A Lara I cared more about than the one in Tomb Raider

* Internalized misandry, or perhaps just misandry, because the lead writer was a woman.  Right around and subsequent to Tomb Raider’s release, much hullabaloo was being raised on the left side of the interwebs over supposed “misogyny” in the video game industry, by which accusers were referring either to the unsatisfactory proportion of vaginas on game development teams or to what they considered unflattering depictions of female characters in mega-successful game franchises.  Tomb Raider seems to have been commissioned directly in response to these complaints, not just in the way it desexualizes a character once embodied by young Angelina Jolie, but in its larger, subtler scheme of making almost every man in the game a ruthless, sadistic monster answerable to no greater code or principles but the dictates of an even crueler monster.  If GTA can be condemned as sexist because all its female characters are helpless or – less offensively – whores, then detractors of that major series should apply the same logic to the minor Feminist Tomb Raider reboot.  I forget if any one of the enemies go so far as to levy rape threats, but I don’t recall playing as Lara to be a very pleasurable or relieving experience, and I would have left with a profound distrust of all men if I didn’t know that this was fiction.  Goons in Batman: Arkham City often make leery, sexually charged threats against Catwoman, but that game’s prison setting takes for granted that its denizens are the lowest, most far gone drecks of uncivilized society.  Tomb Raider, on the other hand, might as well be labeled a 3rd-person patriarchy murder-fantasy simulator, and one of the worse ones in the genre.
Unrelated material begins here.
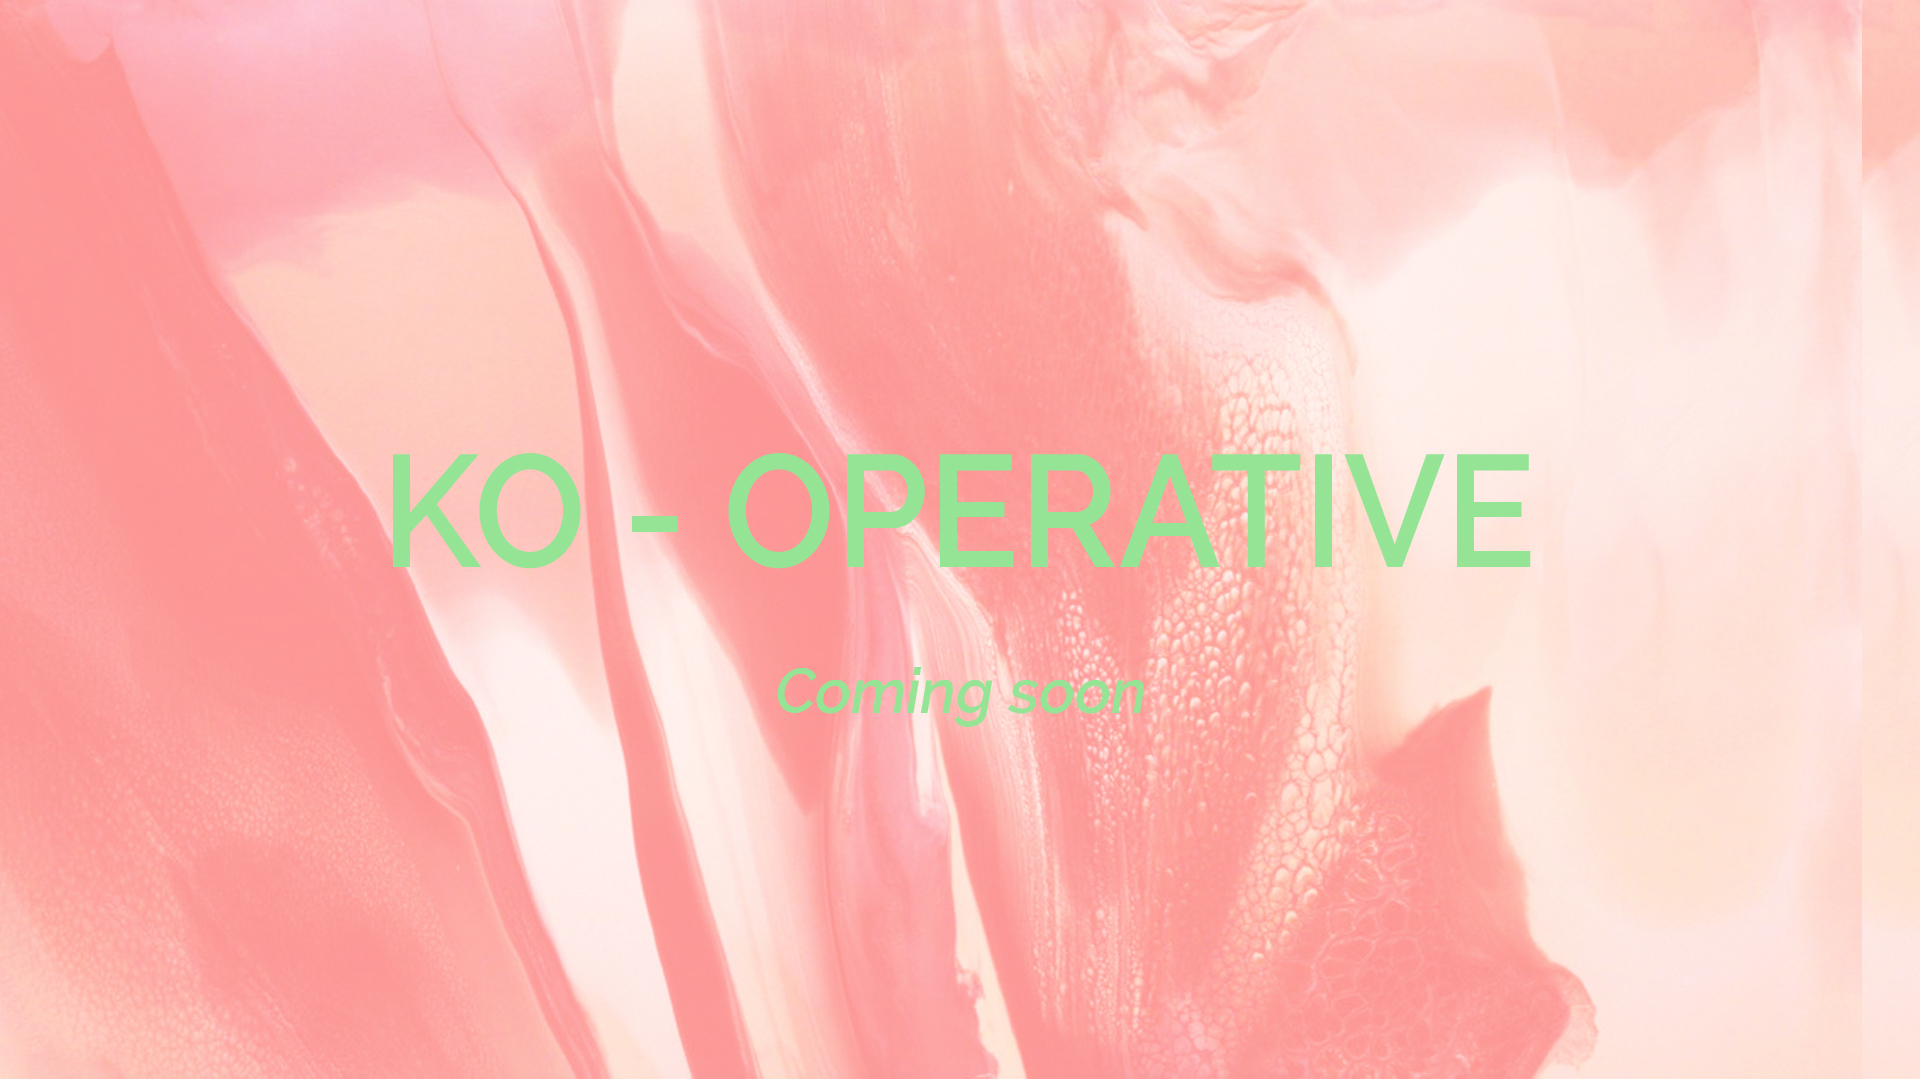 Ko-operative work in progress

In case I haven’t been clear, make no mistake that killing patriarchs as Lara can be pretty fun, and after an hour, I had gotten really good at killing them.  The problem is, in modern video games, killing people has gotten far too easy.  Any kid, heck, any crazy person who doesn’t even play video games, can walk into a shop, or go on Craigslist, buy any 1st-person action game, and start senselessly mowing down tons of people with assault weapons, and whenever someone tries to stop them, they can just duck down and let their health recharge.
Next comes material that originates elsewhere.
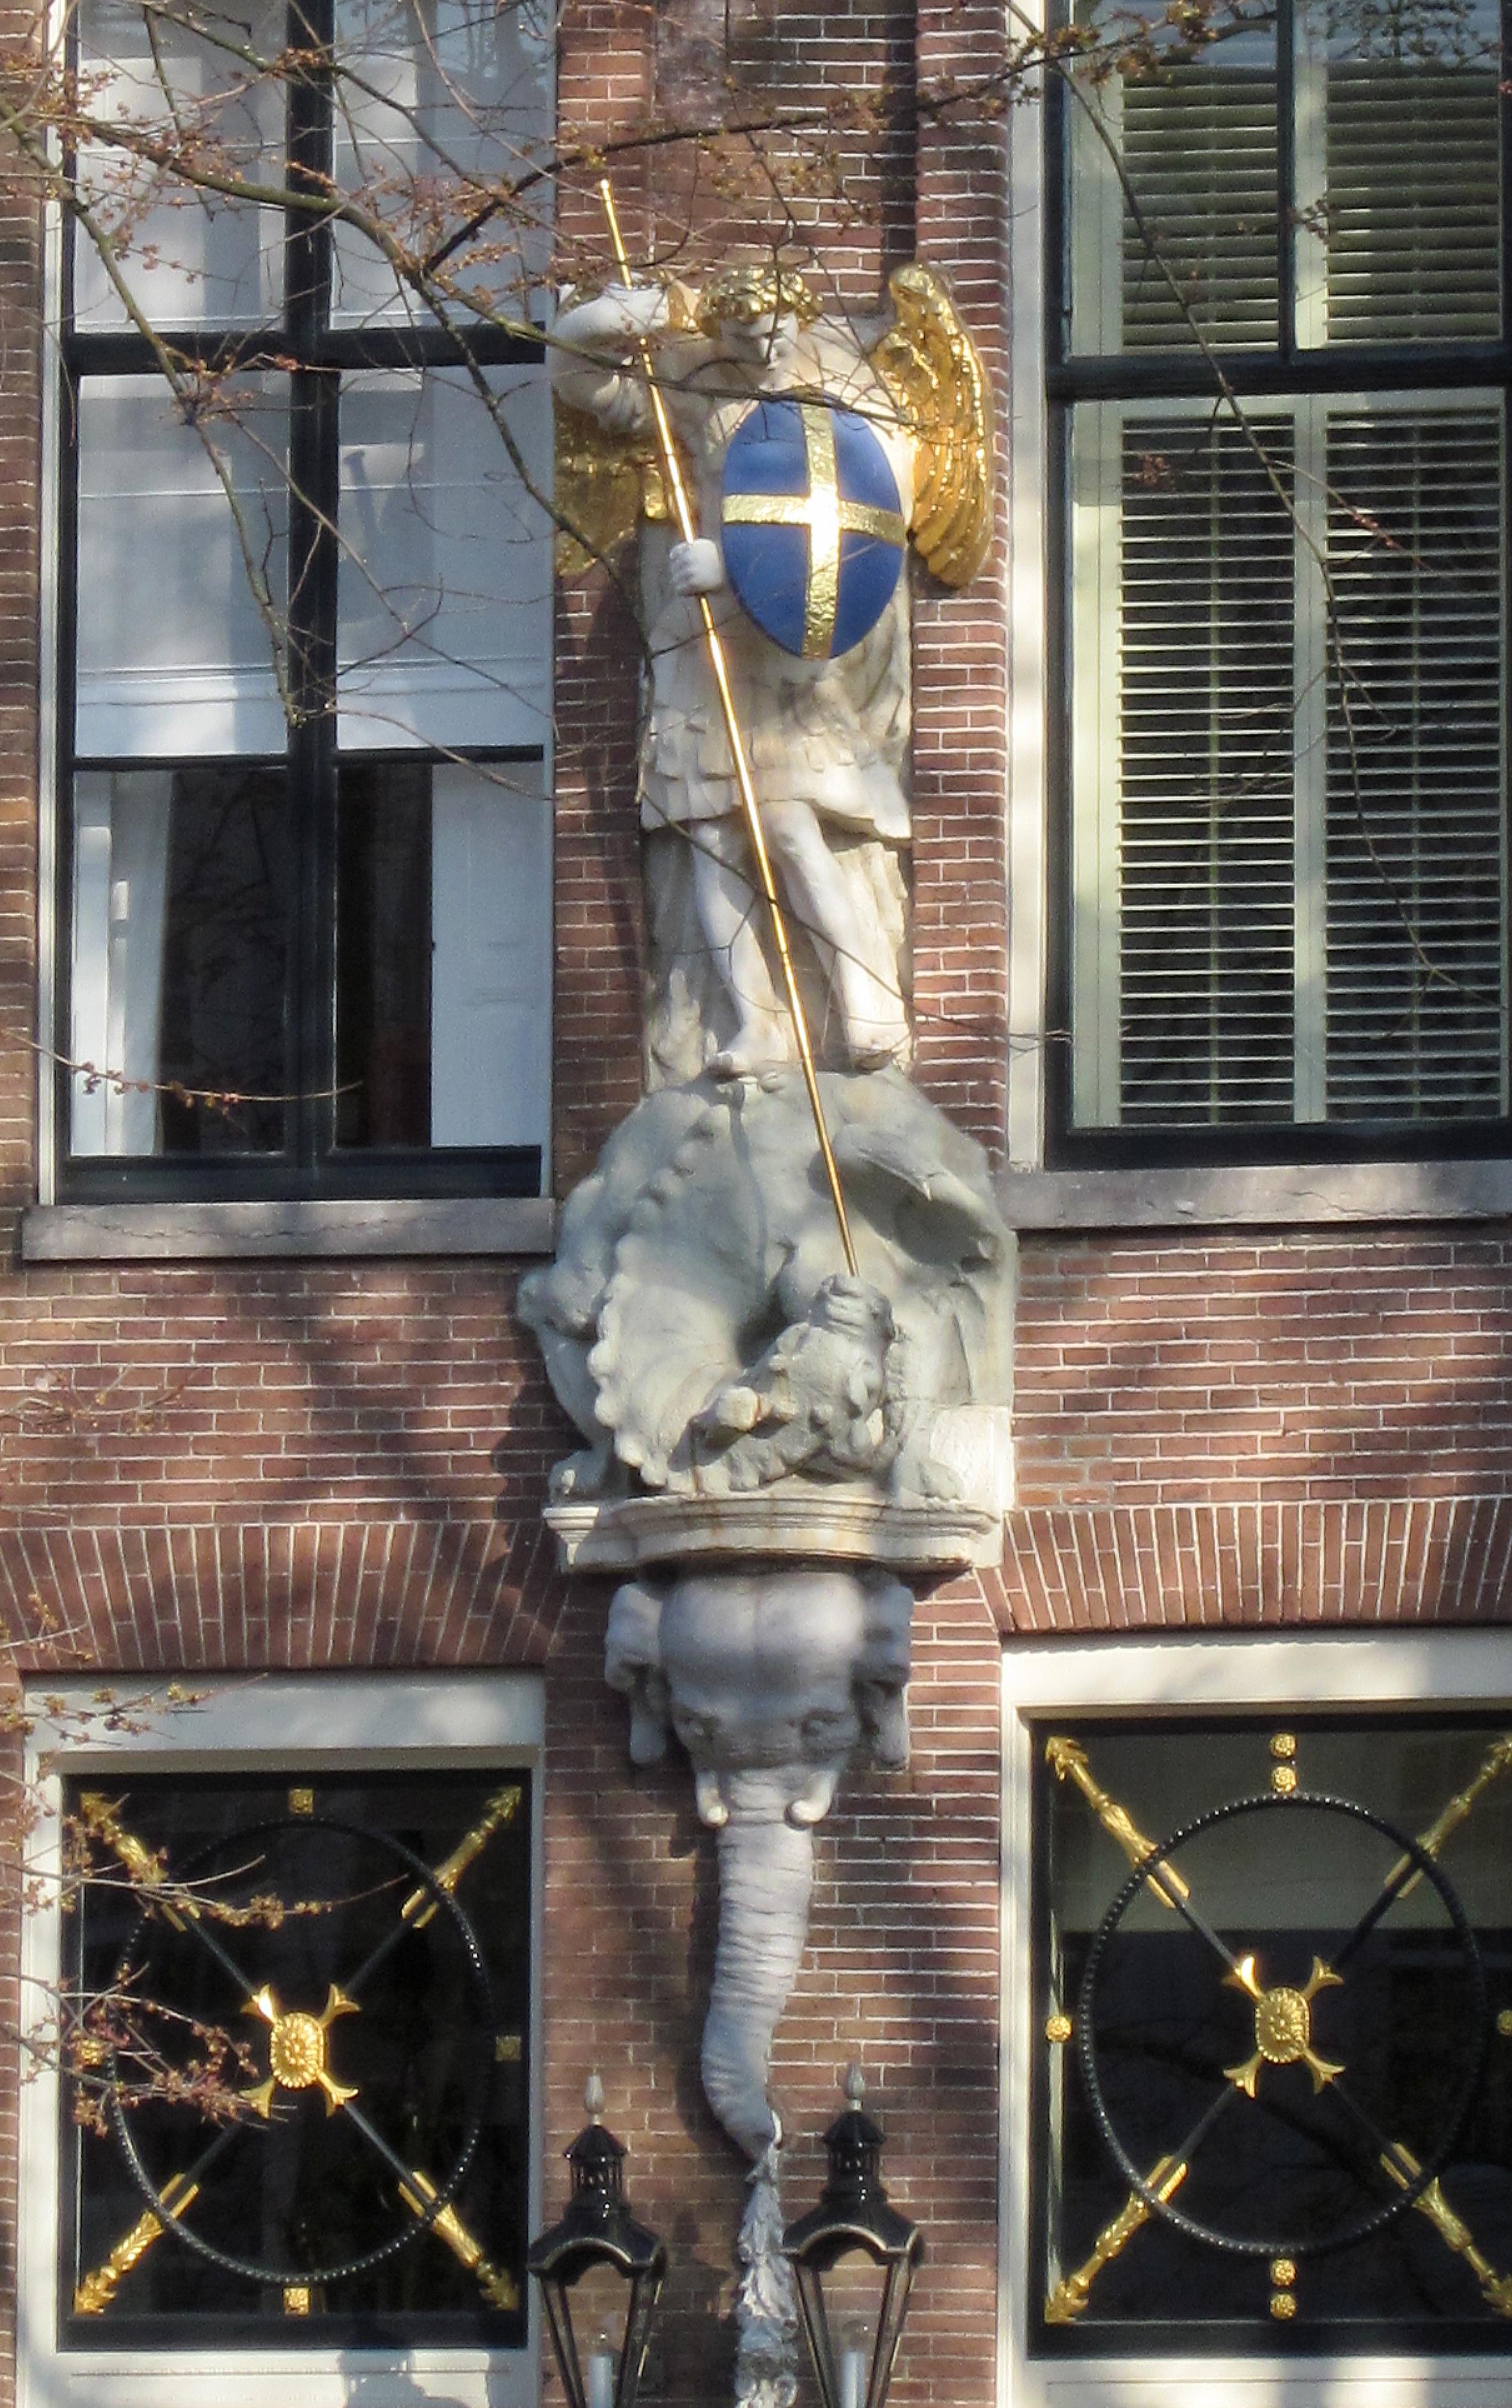 c2b8f0fe96407c File:St.Michael en de Draak Herengracht 571-581 Amsterdam.jpg ...

Now there are two ways we can respond to this.  We can pretend the problem doesn’t exist, keep praising crappy military-style games like Tomb Raider, saying that Anita Sarkeesian, Zoe Quinn, Jonathan McIntosh, and other Feminists are trying to take these games away, which… is just not true.  We can tell ourselves that Tomb Raider is an A+ story when it’d really be a C- movie, because we think the jokes are funny, or the violence is provocative, or we like watching buildings fall down and blow up.

Or we can say enough is enough, admit the problem exists, and start working on tough but common-sense solutions to the “cinematic”, self-playing okey doke that is Tomb Raider.  Solutions like a modern Metroid game that isn’t Other M, or even Half Life 3.  We’ve got a long way to go, and the choice of how we go there lies with us.  But the time has long since passed for doing nothing.  The road ahead is clear.  With the courage and determination of the gaming community, Tomb Raider will be just another bump in a very rocky road.


6.5/10.  I have nothing good to say about this game.